MBSEがいまいち浸透しない理由
10年ぐらい前からMBDの発展型の一つとして、
システムズエンジニアリングを取り入れたMBSEの話がでていますが、
いまいち現場に浸透していないと感じています。
MBSE・・・Model-Based Systems Engineering
私も数年前にSysMLを使用したMBSEの導入検討をしたことがありますが、
複雑な制御システムを開発する現場に、適用するのが難しいと感じております。
※ここ数年は調査してないので、もし変化あるようでしたら教えてください。
適用が難しい原因とは?
MBSEの実績を見ると、独立したシステムに適用できた例はチラホラ見つかります。
ただ、大規模システムに適用した事例は少なく、
ステークホルダーが少ない、関係部署が少ない、ECUの数が少ない等といった
ある程度の範囲が絞られた条件下で成功しているようです。
では、範囲が広がると、なぜ適用しづらくなるのか?
私の見解としては、日系企業の組織構造によるものだと思います
日系企業の組織構造の何が問題なのか?
日本の製造業の一番の強みとしては、品質が挙げられますが、
これは量産開発工程での現場における改善サイクルによるものだと思います。
極端に言うと、上流のシステム設計工程でイマイチなものがアウトプットされても
下流の量産開発工程で、この改善活動により、それなりの品質が良いものが作れてしまいます。

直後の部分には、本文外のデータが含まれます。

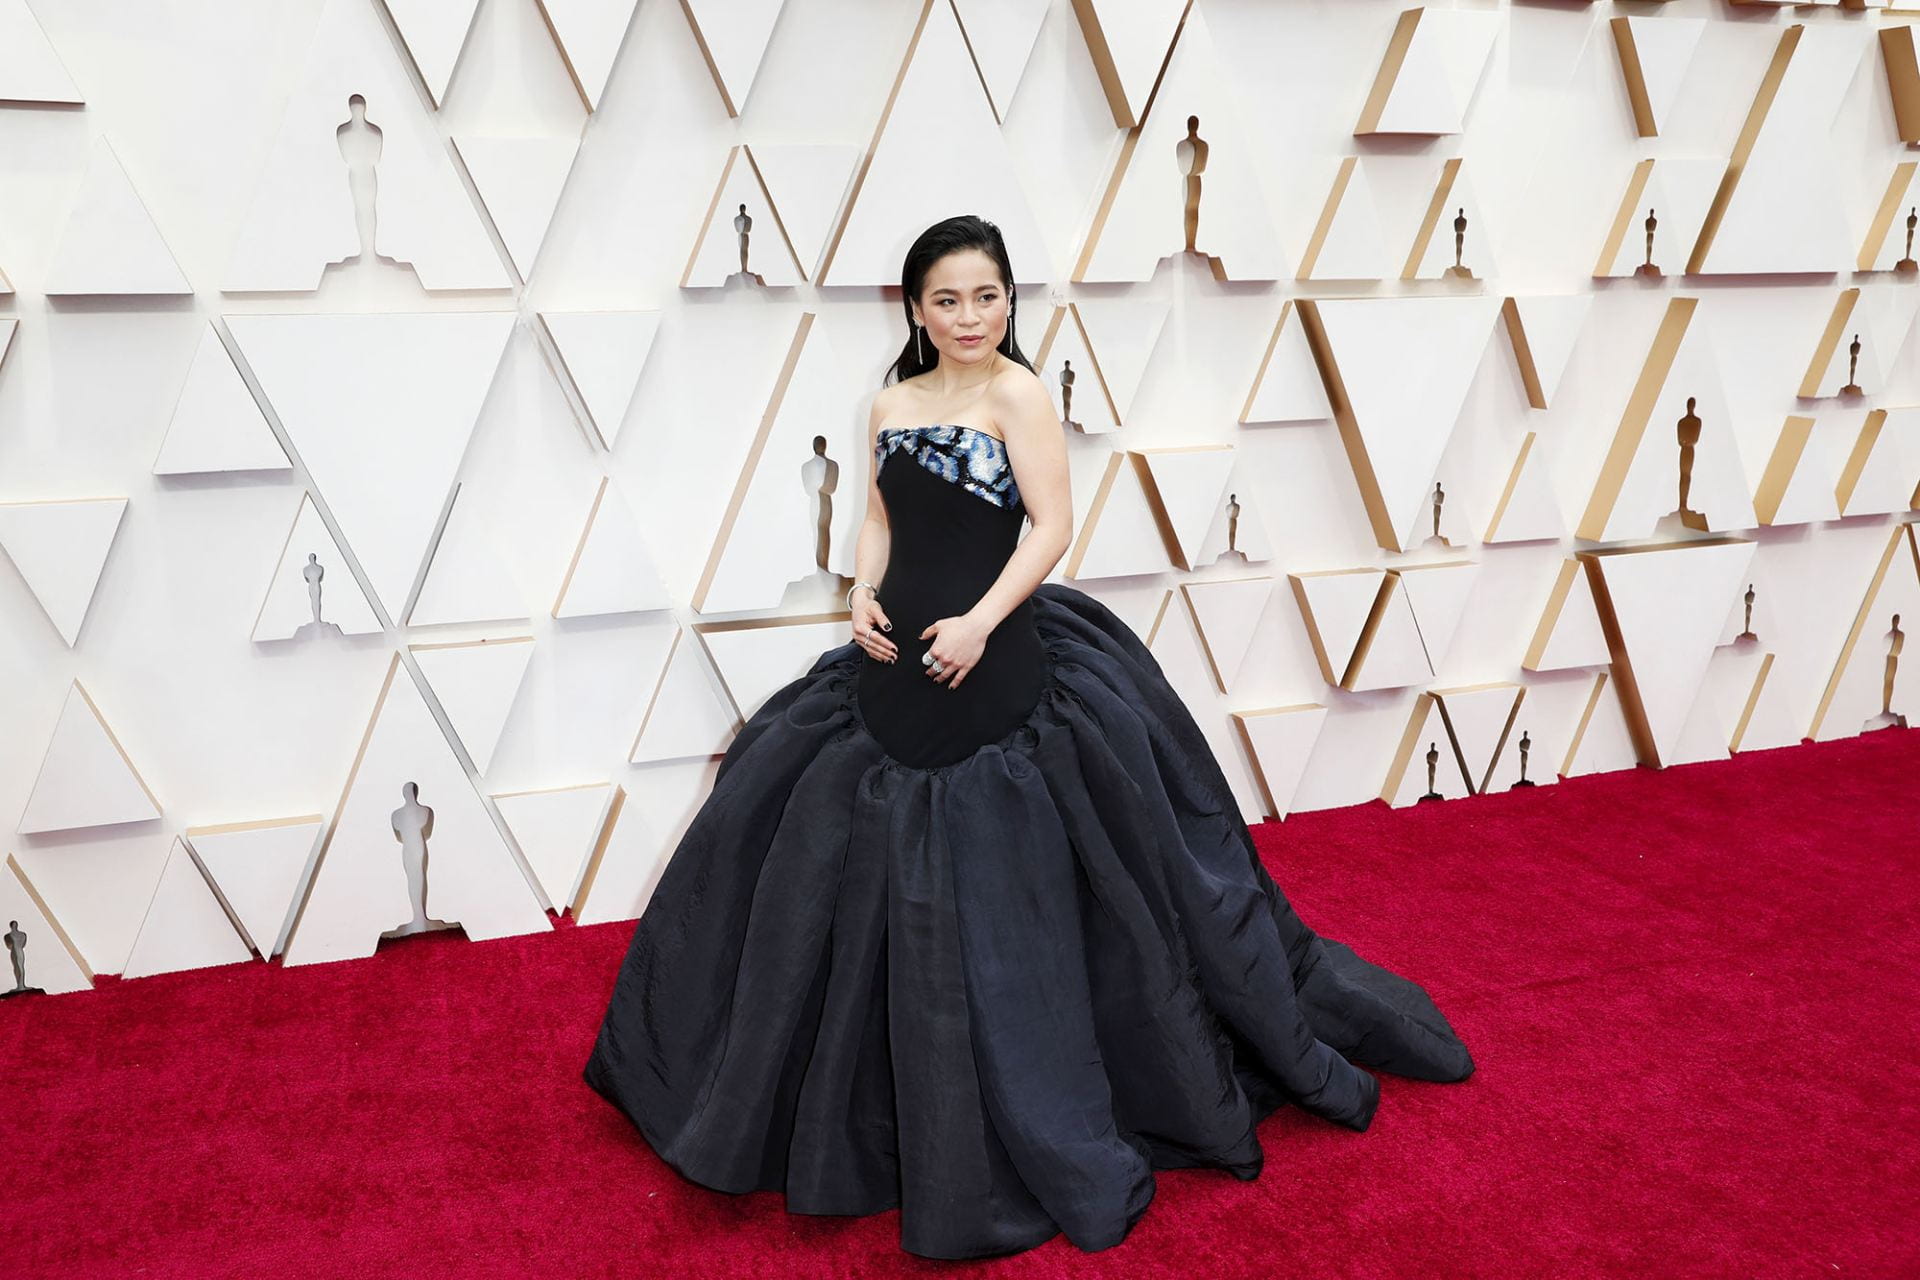 Kelly Marie Tran faced a barrage of online bullying upon portraying Rose Tico in "Star Wars: The Last Jedi," demonstrating the harmful effects of fandom. Credit: Jay L. Clendenin | Los Angeles Times (via TNS) [Original caption: Kelly Marie Tran arrives at the 92nd Academy Awards on Sunday, Feb. 9, 2020, at the Dolby Theatre at Hollywood & Highland Center in Hollywood.]

SOP、SOSが決まっている日程で、その日程を守り、作りきる力はとても凄いことだと思いますが、
一方、それにより現場の力が強くなっています。
例えば、量産制御開発工程では、部署がECU毎に分かれていますが、
そこに開発を強く推進できる優秀な人が集まりやすく、
また部署(チーム)間の垣根もあるため、開発情報が共有されづらい状態となっております。
この状況でMBSEを適用としても、情報も少なく、
部署間に垣根があるため、システム的な目線で開発することはとても難しい状況だと思います。
毎年、情報共有が目標になっている部署とか、ありますよね、、、
他方、欧州の開発スタイルを聞くと、システム部署の権力が強く、
システム部署に依頼をしないと、各ECUの開発ができない状況らしいです。
また、下流工程に行けば行くほど、単純作業のワーカーとしての要素が強く、
如何にルーティン作業、自動化に出来るのかといったところに着目しているようです。
そのため、効率的な開発スタイルで、新しいものを生み出せる力があるようにみえます。
ただし、微妙に品質が悪かったり、締め切りを守らないという欠点は残りますが。。。。
まとめ
このように欧州とそもそも前提条件が違うため、
手法としてのMBSEやSysMLだけ導入を考えると、導入が難しいのは当然の結果になります。
では、どうすれば良いのか?
基本的には欧州の文化を取り入れて、システム設計に主眼を置いた組織構造へ
部署の再構成が必要と思っていますが、、、、、
大企業では色々なしがらみがあるため、厳しいかなと思っています。
ただ、日本の製造業を強くするためにはMBDやMBSEといった開発手法論だけではなく
組織論を深めていく取り組みが必要だと感じています。
また考えが纏まれば記事にしてみます。